• [HOW TO COMPLETE THIS TASK]: Pictures are to be left out; every line from the one that holds "Lyst - Philipp" to the end of the data is to be retyped exactly.

• [DATA PROVIDED]:
==*==

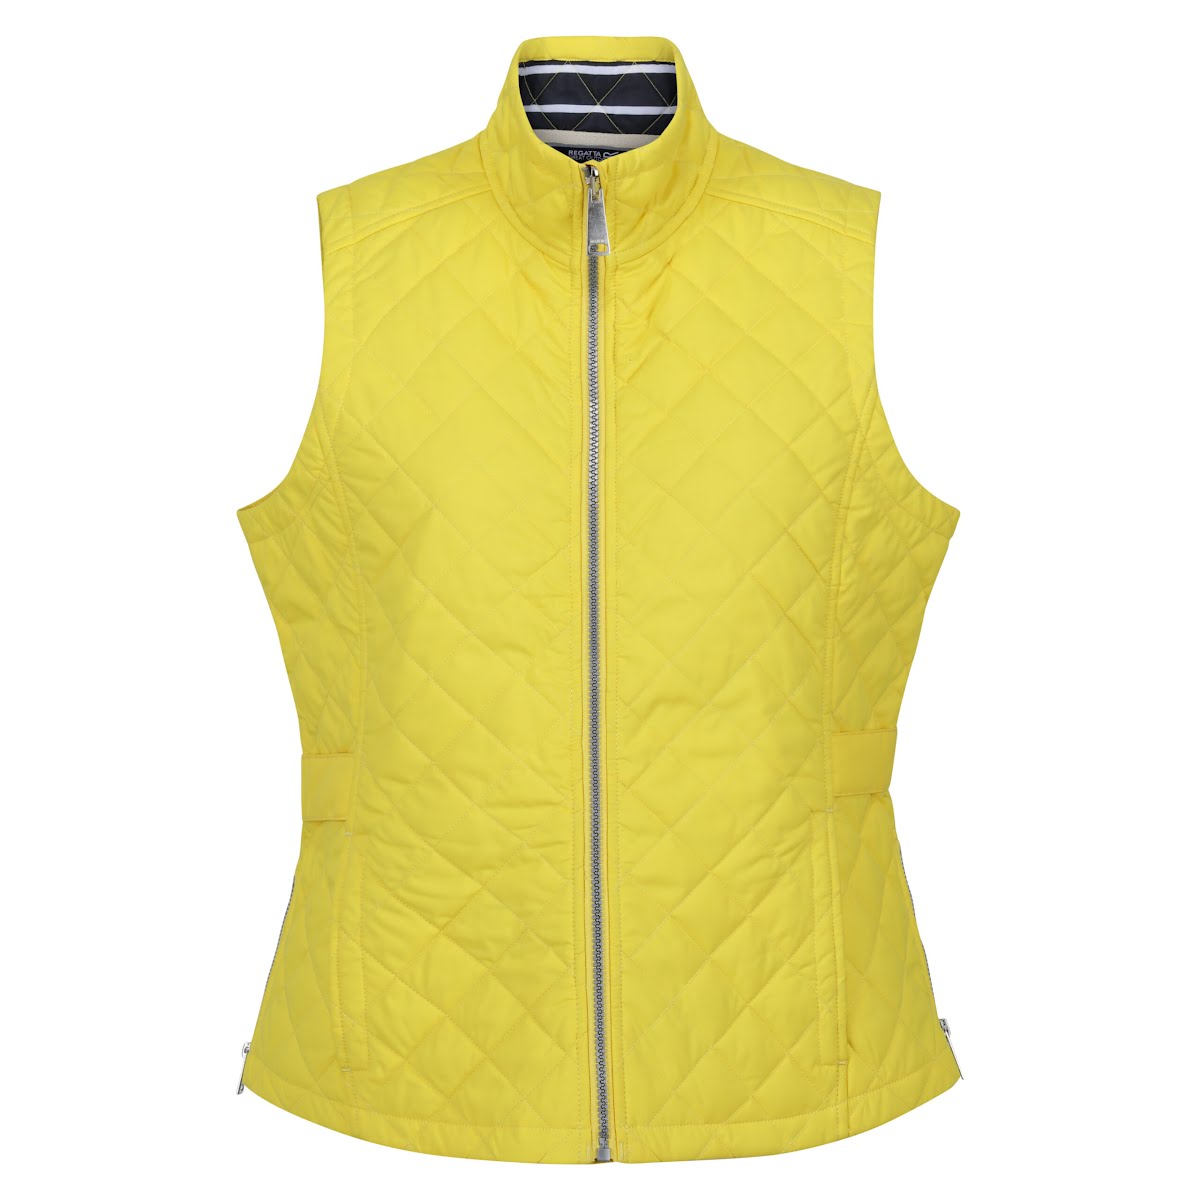 Carmine Quilted Gilet in Maize Yellow, €70
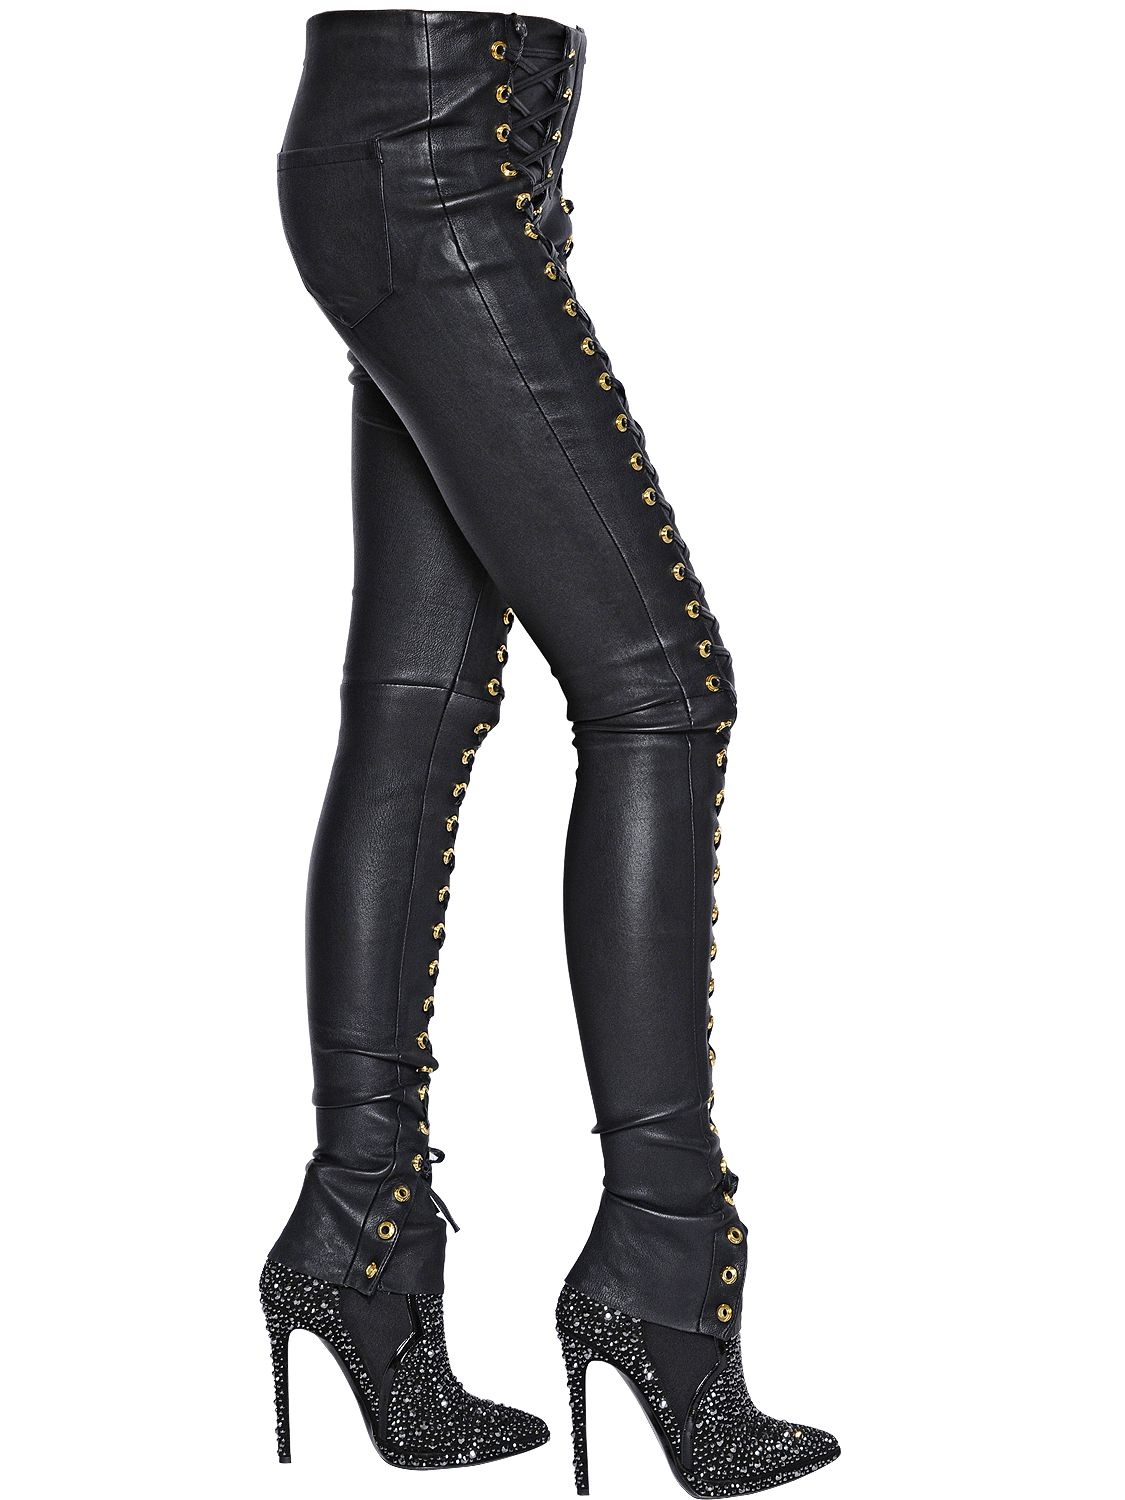 Lyst - Philipp Plein Lace-Up Nappa Leather Pants in Black
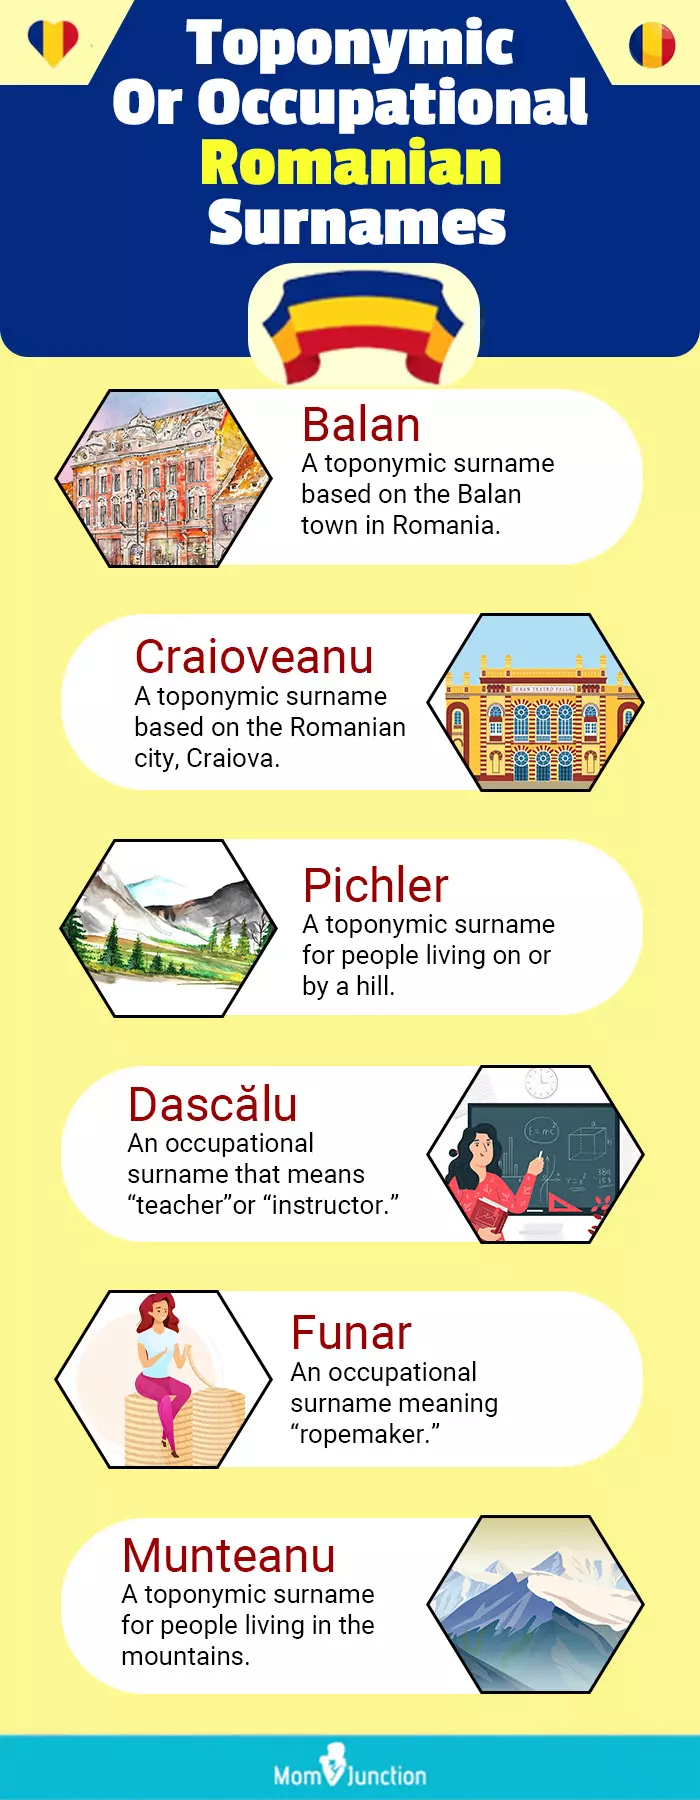 toponymic or occupational romanian surnames (infographic)

==*==

• [EXERCISE RESPONSE]:
 Lyst - Philipp Plein Lace-Up Nappa Leather Pants in Black
 toponymic or occupational romanian surnames (infographic)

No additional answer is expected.